Many businesses, non-profit organizations and universities, across the planet, have networked IoT (Internet of Things) devices such as IP cameras, NVR (Network Video Recorder) systems, sensor devices, door access systems, or other such devices within their internal networks that are used for conducting their core business or research or monitoring and managing buildings.
One major use case where port forwarding is commonly used is when setting up viewing ingress of company premises video surveillance systems from outside of the business network. Most frequently, low voltage technicians are hired to deploy small or even large scale video surveillance equipment. Low voltage technicians usually are only trained in running physical, low voltage, network (Cat 5/Cat6) cable and basic system setup. Keep in mind, the low-volt technicians are often the same individuals or companies that deploy door/building access systems, time-clock systems, etc. If they merely stick to doing what they know and are not of the learning mentality, pursuing continuing education, they may not even be aware that their deployments may be subject to attack. Herein lies the problem, instead of learning and using network security best practices, they do what they know, simple port forwarding to the surveillance equipment, often without updating firmware or even changing default administrative passwords. Additionally, these deployments often do not have the network administrative security such as VLANs and firewalls. In addition to not following the administrative best practices, if the software running on these units has a zero-day or other such software vulnerability, this may also be an attack vector, as was the case with the HIKVISION hack a few years ago. By enabling unrestricted port forwarding the integrator may be unwittingly allowing anyone from the public Internet to access the recordings, and worse yet, other networked devices internal to the organization’s network.
Furthermore, if sufficient network border, network segmentation or ISP upstream security is not put in place, hackers or even script kiddies, are able to discover the vulnerability by simply running network port scans across public IP addresses and ports, potentially easily interacting with the administrative console of the system. This is the crux of this article, simply put, if the ports are forwarded, unrestricted, to the internal devices, from the public Internet, hackers may not even need to compromise a firmware or software vulnerability in the systems, they may be able to merely try the default passwords. If that doesn’t work, the attackers can begin to deploy a exploits against a known or unknown vulnerability in the service. Then, having direct ingress to this exposed system the attacker may now have the ability to enable network connection services such as SSH, or other such shell protocols. With shell access to a computer software based system on a company network, a hacker can begin executing commands or potentially deploying additional attack software directly from within the company network. This would be considered a type of beachhead attack. This attack could easily be avoided if proper understanding and due diligence is performed, configuring appropriate network rules for access to such IoT devices and systems.

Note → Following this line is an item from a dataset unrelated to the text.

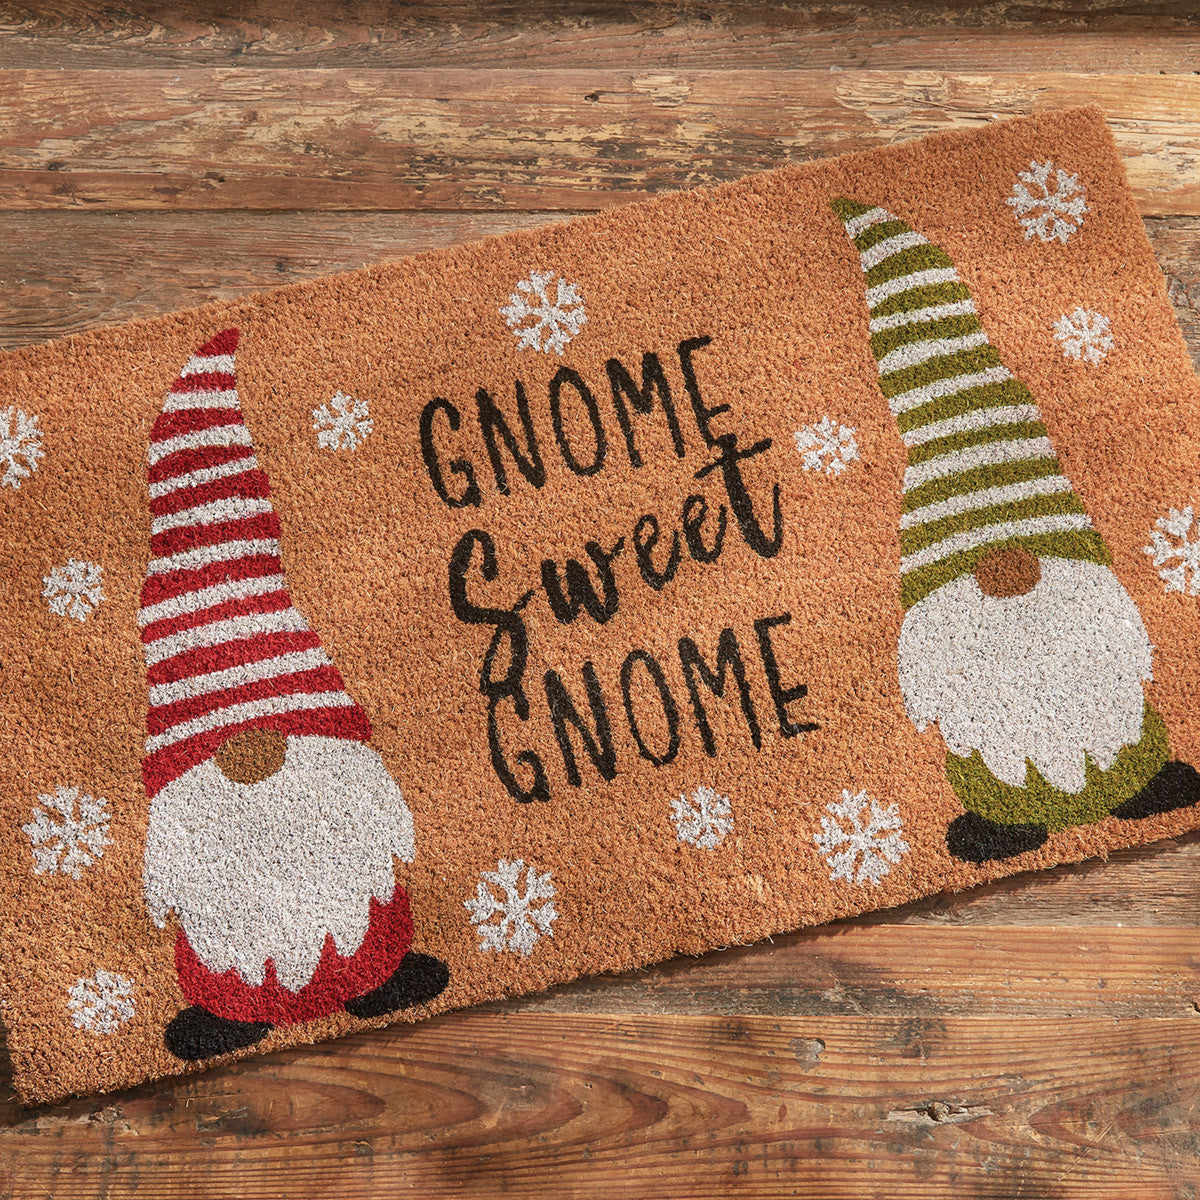 Gnome Sweet Gnome Doormat

To illustrate the severity of this kind of reconfiguration, one such real world example of this type of vulnerability was demonstrated when IPVM published a map of hacked HIKVISION brand cameras in the USA and Europe in 2018. The interactive map, linked here illustrates the severity of such reconfiguration.
The takeaway here is thoroughly vet individuals and service providers who do this kind of work. Make sure they take into account best practices (article on best practices coming soon.)